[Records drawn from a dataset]
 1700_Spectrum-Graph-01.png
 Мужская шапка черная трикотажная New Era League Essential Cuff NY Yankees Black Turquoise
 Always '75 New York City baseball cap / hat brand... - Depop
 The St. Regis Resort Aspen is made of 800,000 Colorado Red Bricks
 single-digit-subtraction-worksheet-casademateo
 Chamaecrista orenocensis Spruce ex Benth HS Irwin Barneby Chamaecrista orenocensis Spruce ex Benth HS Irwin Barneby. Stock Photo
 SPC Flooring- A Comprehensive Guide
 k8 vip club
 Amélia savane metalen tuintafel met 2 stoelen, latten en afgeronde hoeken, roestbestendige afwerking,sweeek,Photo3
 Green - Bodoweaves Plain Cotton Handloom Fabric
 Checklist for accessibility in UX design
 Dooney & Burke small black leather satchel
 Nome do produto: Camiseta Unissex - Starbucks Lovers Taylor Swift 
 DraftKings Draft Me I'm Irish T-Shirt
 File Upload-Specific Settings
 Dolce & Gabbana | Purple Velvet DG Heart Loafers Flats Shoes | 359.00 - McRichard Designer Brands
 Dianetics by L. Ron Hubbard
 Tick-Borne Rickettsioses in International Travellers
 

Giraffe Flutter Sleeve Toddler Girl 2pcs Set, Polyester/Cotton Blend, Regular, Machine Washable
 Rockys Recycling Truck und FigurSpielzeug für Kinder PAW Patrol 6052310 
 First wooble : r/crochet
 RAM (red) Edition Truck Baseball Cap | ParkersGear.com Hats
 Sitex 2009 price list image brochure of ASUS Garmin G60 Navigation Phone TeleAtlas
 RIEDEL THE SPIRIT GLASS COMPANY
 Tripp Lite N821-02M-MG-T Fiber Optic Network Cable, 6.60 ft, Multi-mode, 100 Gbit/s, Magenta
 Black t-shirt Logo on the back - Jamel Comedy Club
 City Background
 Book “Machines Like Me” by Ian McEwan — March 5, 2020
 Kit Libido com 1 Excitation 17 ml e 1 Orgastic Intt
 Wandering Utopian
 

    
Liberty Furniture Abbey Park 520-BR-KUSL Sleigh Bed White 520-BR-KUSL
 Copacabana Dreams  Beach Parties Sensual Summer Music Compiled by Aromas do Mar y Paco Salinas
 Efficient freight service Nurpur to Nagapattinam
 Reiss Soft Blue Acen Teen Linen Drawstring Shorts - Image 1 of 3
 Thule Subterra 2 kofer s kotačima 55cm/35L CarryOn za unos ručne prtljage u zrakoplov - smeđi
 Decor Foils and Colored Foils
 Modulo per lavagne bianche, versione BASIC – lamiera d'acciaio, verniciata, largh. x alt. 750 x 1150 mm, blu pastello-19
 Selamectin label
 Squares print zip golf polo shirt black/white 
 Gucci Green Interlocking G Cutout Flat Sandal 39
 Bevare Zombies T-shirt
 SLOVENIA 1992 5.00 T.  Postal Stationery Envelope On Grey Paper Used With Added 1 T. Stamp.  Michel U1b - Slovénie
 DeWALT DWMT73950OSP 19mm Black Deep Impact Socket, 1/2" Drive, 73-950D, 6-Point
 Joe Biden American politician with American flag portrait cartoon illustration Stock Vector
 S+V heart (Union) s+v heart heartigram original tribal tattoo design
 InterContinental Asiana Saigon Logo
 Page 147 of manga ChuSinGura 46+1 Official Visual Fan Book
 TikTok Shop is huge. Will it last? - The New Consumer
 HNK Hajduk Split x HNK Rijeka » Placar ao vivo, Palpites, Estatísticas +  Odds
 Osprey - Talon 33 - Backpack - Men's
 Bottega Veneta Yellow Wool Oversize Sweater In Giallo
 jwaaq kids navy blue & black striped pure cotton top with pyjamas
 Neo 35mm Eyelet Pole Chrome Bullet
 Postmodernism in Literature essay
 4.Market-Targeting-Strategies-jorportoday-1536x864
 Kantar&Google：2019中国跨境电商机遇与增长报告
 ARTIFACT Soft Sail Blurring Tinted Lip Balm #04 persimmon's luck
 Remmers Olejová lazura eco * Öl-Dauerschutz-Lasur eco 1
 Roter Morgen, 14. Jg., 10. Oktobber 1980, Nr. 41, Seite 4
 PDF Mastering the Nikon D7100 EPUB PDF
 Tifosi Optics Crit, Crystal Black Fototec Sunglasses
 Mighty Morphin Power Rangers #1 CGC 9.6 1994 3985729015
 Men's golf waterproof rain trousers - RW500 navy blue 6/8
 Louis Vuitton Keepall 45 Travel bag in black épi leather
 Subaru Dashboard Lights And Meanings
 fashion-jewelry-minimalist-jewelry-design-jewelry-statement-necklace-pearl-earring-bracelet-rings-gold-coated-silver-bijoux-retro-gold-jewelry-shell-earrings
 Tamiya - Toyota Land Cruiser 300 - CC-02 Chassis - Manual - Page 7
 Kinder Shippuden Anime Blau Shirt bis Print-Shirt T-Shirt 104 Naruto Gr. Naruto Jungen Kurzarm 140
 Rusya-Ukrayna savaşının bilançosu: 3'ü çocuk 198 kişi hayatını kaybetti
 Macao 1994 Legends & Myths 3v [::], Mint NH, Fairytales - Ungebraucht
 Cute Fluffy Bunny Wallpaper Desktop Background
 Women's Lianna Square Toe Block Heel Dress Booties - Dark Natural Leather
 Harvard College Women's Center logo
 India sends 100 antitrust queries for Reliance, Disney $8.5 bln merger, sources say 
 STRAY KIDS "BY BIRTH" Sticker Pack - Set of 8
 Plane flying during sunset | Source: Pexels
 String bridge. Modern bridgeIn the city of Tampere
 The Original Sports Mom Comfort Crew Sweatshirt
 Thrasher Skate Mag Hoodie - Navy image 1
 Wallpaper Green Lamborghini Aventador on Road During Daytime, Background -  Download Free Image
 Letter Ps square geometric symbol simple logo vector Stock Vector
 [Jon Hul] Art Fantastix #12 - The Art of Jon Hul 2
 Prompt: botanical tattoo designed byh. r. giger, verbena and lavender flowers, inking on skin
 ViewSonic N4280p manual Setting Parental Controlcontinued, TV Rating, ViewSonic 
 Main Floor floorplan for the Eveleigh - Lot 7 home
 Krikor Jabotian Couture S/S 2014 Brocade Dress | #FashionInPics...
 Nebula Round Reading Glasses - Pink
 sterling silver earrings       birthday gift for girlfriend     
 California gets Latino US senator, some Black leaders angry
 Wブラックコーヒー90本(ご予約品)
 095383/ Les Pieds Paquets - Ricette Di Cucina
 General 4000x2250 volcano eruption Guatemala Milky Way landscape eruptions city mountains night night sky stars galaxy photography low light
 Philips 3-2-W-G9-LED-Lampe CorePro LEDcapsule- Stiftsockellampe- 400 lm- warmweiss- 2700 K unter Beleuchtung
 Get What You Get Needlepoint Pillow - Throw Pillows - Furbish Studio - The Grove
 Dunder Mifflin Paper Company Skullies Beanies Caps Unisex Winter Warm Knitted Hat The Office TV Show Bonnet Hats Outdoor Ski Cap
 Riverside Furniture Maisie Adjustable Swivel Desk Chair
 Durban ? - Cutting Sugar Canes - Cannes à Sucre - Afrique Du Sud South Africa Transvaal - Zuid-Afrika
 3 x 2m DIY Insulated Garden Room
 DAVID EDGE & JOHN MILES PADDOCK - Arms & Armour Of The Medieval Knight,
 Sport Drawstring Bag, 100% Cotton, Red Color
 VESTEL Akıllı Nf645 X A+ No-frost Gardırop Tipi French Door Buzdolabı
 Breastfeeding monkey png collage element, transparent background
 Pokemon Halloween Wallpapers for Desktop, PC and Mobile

INSTRUCTIONS TO FOLLOW:
Each entry above is to be quoted exactly.

THE COMPLETED TASK:
 1700_Spectrum-Graph-01.png
 Мужская шапка черная трикотажная New Era League Essential Cuff NY Yankees Black Turquoise
 Always '75 New York City baseball cap / hat brand... - Depop
 The St. Regis Resort Aspen is made of 800,000 Colorado Red Bricks
 single-digit-subtraction-worksheet-casademateo
 Chamaecrista orenocensis Spruce ex Benth HS Irwin Barneby Chamaecrista orenocensis Spruce ex Benth HS Irwin Barneby. Stock Photo
 SPC Flooring- A Comprehensive Guide
 k8 vip club
 Amélia savane metalen tuintafel met 2 stoelen, latten en afgeronde hoeken, roestbestendige afwerking,sweeek,Photo3
 Green - Bodoweaves Plain Cotton Handloom Fabric
 Checklist for accessibility in UX design
 Dooney & Burke small black leather satchel
 Nome do produto: Camiseta Unissex - Starbucks Lovers Taylor Swift 
 DraftKings Draft Me I'm Irish T-Shirt
 File Upload-Specific Settings
 Dolce & Gabbana | Purple Velvet DG Heart Loafers Flats Shoes | 359.00 - McRichard Designer Brands
 Dianetics by L. Ron Hubbard
 Tick-Borne Rickettsioses in International Travellers
 

Giraffe Flutter Sleeve Toddler Girl 2pcs Set, Polyester/Cotton Blend, Regular, Machine Washable
 Rockys Recycling Truck und FigurSpielzeug für Kinder PAW Patrol 6052310 
 First wooble : r/crochet
 RAM (red) Edition Truck Baseball Cap | ParkersGear.com Hats
 Sitex 2009 price list image brochure of ASUS Garmin G60 Navigation Phone TeleAtlas
 RIEDEL THE SPIRIT GLASS COMPANY
 Tripp Lite N821-02M-MG-T Fiber Optic Network Cable, 6.60 ft, Multi-mode, 100 Gbit/s, Magenta
 Black t-shirt Logo on the back - Jamel Comedy Club
 City Background
 Book “Machines Like Me” by Ian McEwan — March 5, 2020
 Kit Libido com 1 Excitation 17 ml e 1 Orgastic Intt
 Wandering Utopian
 

    
Liberty Furniture Abbey Park 520-BR-KUSL Sleigh Bed White 520-BR-KUSL
 Copacabana Dreams  Beach Parties Sensual Summer Music Compiled by Aromas do Mar y Paco Salinas
 Efficient freight service Nurpur to Nagapattinam
 Reiss Soft Blue Acen Teen Linen Drawstring Shorts - Image 1 of 3
 Thule Subterra 2 kofer s kotačima 55cm/35L CarryOn za unos ručne prtljage u zrakoplov - smeđi
 Decor Foils and Colored Foils
 Modulo per lavagne bianche, versione BASIC – lamiera d'acciaio, verniciata, largh. x alt. 750 x 1150 mm, blu pastello-19
 Selamectin label
 Squares print zip golf polo shirt black/white 
 Gucci Green Interlocking G Cutout Flat Sandal 39
 Bevare Zombies T-shirt
 SLOVENIA 1992 5.00 T.  Postal Stationery Envelope On Grey Paper Used With Added 1 T. Stamp.  Michel U1b - Slovénie
 DeWALT DWMT73950OSP 19mm Black Deep Impact Socket, 1/2" Drive, 73-950D, 6-Point
 Joe Biden American politician with American flag portrait cartoon illustration Stock Vector
 S+V heart (Union) s+v heart heartigram original tribal tattoo design
 InterContinental Asiana Saigon Logo
 Page 147 of manga ChuSinGura 46+1 Official Visual Fan Book
 TikTok Shop is huge. Will it last? - The New Consumer
 HNK Hajduk Split x HNK Rijeka » Placar ao vivo, Palpites, Estatísticas +  Odds
 Osprey - Talon 33 - Backpack - Men's
 Bottega Veneta Yellow Wool Oversize Sweater In Giallo
 jwaaq kids navy blue & black striped pure cotton top with pyjamas
 Neo 35mm Eyelet Pole Chrome Bullet
 Postmodernism in Literature essay
 4.Market-Targeting-Strategies-jorportoday-1536x864
 Kantar&Google：2019中国跨境电商机遇与增长报告
 ARTIFACT Soft Sail Blurring Tinted Lip Balm #04 persimmon's luck
 Remmers Olejová lazura eco * Öl-Dauerschutz-Lasur eco 1
 Roter Morgen, 14. Jg., 10. Oktobber 1980, Nr. 41, Seite 4
 PDF Mastering the Nikon D7100 EPUB PDF
 Tifosi Optics Crit, Crystal Black Fototec Sunglasses
 Mighty Morphin Power Rangers #1 CGC 9.6 1994 3985729015
 Men's golf waterproof rain trousers - RW500 navy blue 6/8
 Louis Vuitton Keepall 45 Travel bag in black épi leather
 Subaru Dashboard Lights And Meanings
 fashion-jewelry-minimalist-jewelry-design-jewelry-statement-necklace-pearl-earring-bracelet-rings-gold-coated-silver-bijoux-retro-gold-jewelry-shell-earrings
 Tamiya - Toyota Land Cruiser 300 - CC-02 Chassis - Manual - Page 7
 Kinder Shippuden Anime Blau Shirt bis Print-Shirt T-Shirt 104 Naruto Gr. Naruto Jungen Kurzarm 140
 Rusya-Ukrayna savaşının bilançosu: 3'ü çocuk 198 kişi hayatını kaybetti
 Macao 1994 Legends & Myths 3v [::], Mint NH, Fairytales - Ungebraucht
 Cute Fluffy Bunny Wallpaper Desktop Background
 Women's Lianna Square Toe Block Heel Dress Booties - Dark Natural Leather
 Harvard College Women's Center logo
 India sends 100 antitrust queries for Reliance, Disney $8.5 bln merger, sources say 
 STRAY KIDS "BY BIRTH" Sticker Pack - Set of 8
 Plane flying during sunset | Source: Pexels
 String bridge. Modern bridgeIn the city of Tampere
 The Original Sports Mom Comfort Crew Sweatshirt
 Thrasher Skate Mag Hoodie - Navy image 1
 Wallpaper Green Lamborghini Aventador on Road During Daytime, Background -  Download Free Image
 Letter Ps square geometric symbol simple logo vector Stock Vector
 [Jon Hul] Art Fantastix #12 - The Art of Jon Hul 2
 Prompt: botanical tattoo designed byh. r. giger, verbena and lavender flowers, inking on skin
 ViewSonic N4280p manual Setting Parental Controlcontinued, TV Rating, ViewSonic 
 Main Floor floorplan for the Eveleigh - Lot 7 home
 Krikor Jabotian Couture S/S 2014 Brocade Dress | #FashionInPics...
 Nebula Round Reading Glasses - Pink
 sterling silver earrings       birthday gift for girlfriend     
 California gets Latino US senator, some Black leaders angry
 Wブラックコーヒー90本(ご予約品)
 095383/ Les Pieds Paquets - Ricette Di Cucina
 General 4000x2250 volcano eruption Guatemala Milky Way landscape eruptions city mountains night night sky stars galaxy photography low light
 Philips 3-2-W-G9-LED-Lampe CorePro LEDcapsule- Stiftsockellampe- 400 lm- warmweiss- 2700 K unter Beleuchtung
 Get What You Get Needlepoint Pillow - Throw Pillows - Furbish Studio - The Grove
 Dunder Mifflin Paper Company Skullies Beanies Caps Unisex Winter Warm Knitted Hat The Office TV Show Bonnet Hats Outdoor Ski Cap
 Riverside Furniture Maisie Adjustable Swivel Desk Chair
 Durban ? - Cutting Sugar Canes - Cannes à Sucre - Afrique Du Sud South Africa Transvaal - Zuid-Afrika
 3 x 2m DIY Insulated Garden Room
 DAVID EDGE & JOHN MILES PADDOCK - Arms & Armour Of The Medieval Knight,
 Sport Drawstring Bag, 100% Cotton, Red Color
 VESTEL Akıllı Nf645 X A+ No-frost Gardırop Tipi French Door Buzdolabı
 Breastfeeding monkey png collage element, transparent background
 Pokemon Halloween Wallpapers for Desktop, PC and Mobile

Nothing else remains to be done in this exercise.